Other Symptoms. Smaller proportions of perimenopausal women complain of headaches and joint and muscle aches.
How can I ease these symptoms?
You have many options, all of which should be discussed with your doctor. Choices you make will depend on the nature and severity of tour perimenopausal symptoms, and on your overall health.
Oral contraceptives(OCs) can provide safe and convenient protection against unwanted pregnancy during this time of erratic ovulation. They can also help to regulate your periods, and have even been found to decrease hot flashes and improve sleep during perimenopausal. In order to take OCs during this time, you must be a nonsmoker and have no history of breast cancer or clotting disorders. Monophasic OCs, which provide the same levels of estrogen and progesterone throughout the month, may be ideal—particularly if you’re experiencing mood swings and/or have a history of migraines.
If you cannot or choose not to take OCs, you can still reduce hot flashes by eliminating spicy foods and alcohol. You may also want to consult your doctor about vitamin E supplements or primrose oil, both of which are known for reducing hot flashes.
IF erratic bleeding is your most bothersome symptom, you might want to talk to your doctor about taking progestin, a synthetic form of progesterone, for 10 to 14 days each month. To ease vaginal dryness and other sex-related problems associated with perimenopause, you may be prescribed a topical estrogen cream to apply vulvovaginally (around the outer part of the vaginal area)
What about lifestyle changes?
This is indeed the time for lifestyle change—not only to make perimenopause easier but also to reduce the long-term effects that estrogen loss can have on the body.
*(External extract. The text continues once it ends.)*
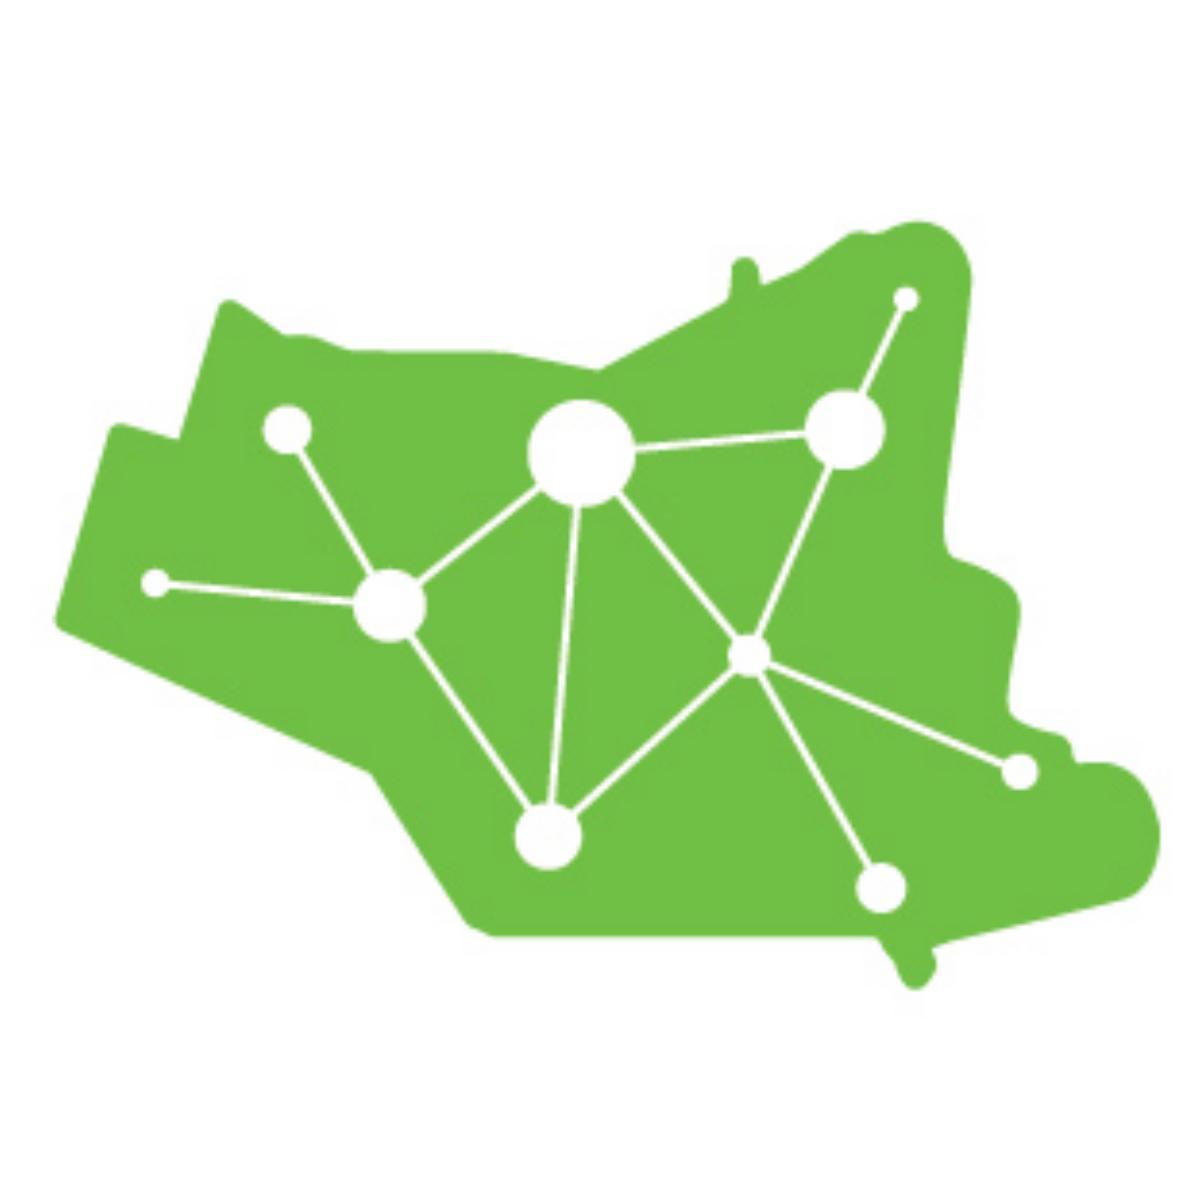 NiagaraOpenData.ca relaunches to better serve Niagara’s open data community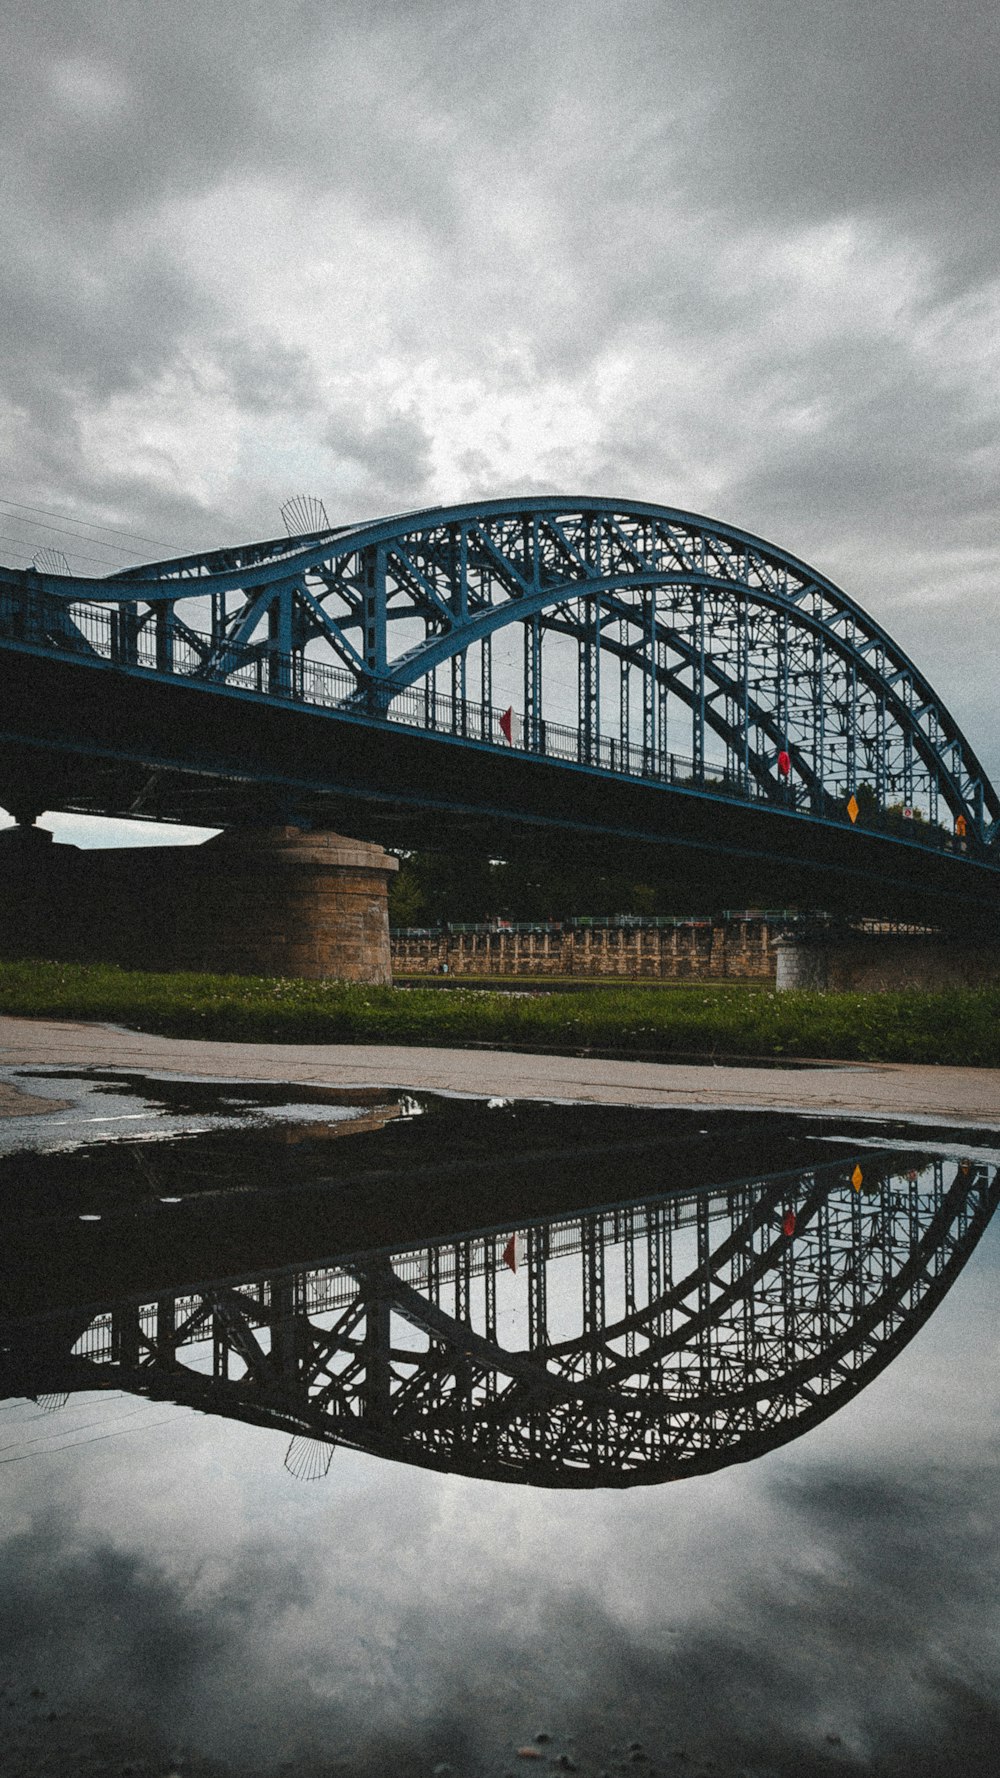 gray metal bridge over river

· Start a mild strength-training program at the gym to prevent muscle degeneration later in life
· Do stretching exercises or join a yoga class to retain flexibility
· Take calcium supplements to retain bone mass
· Watch your diet. Your intake of calories from fat should be less than 30% of your daily total. Also, make sure to get five servings of fruits and vegetables every day. And, remember that at age 40, your body needs 120 fewer calories than it did when you were 30.
· Keep moving. Walking 30 minutes daily at least 4 times per week has enormous health benefits, and it will also help you to get a good night’s sleep
· Moisturize your skin and deep condition your hair. Skin and hair begin to lose their natural oils during perimenopause
· Always use sun block and exfoliate skin. As we lose collagen, wrinkles become more obvious
Anything Else I should know?
Yes—communicate! If perimenopausal symptoms start to interfere with your life, get help from your doctor. With all that’s understood these days about hormones and well-being, you have every reason to sail smoothly through these years.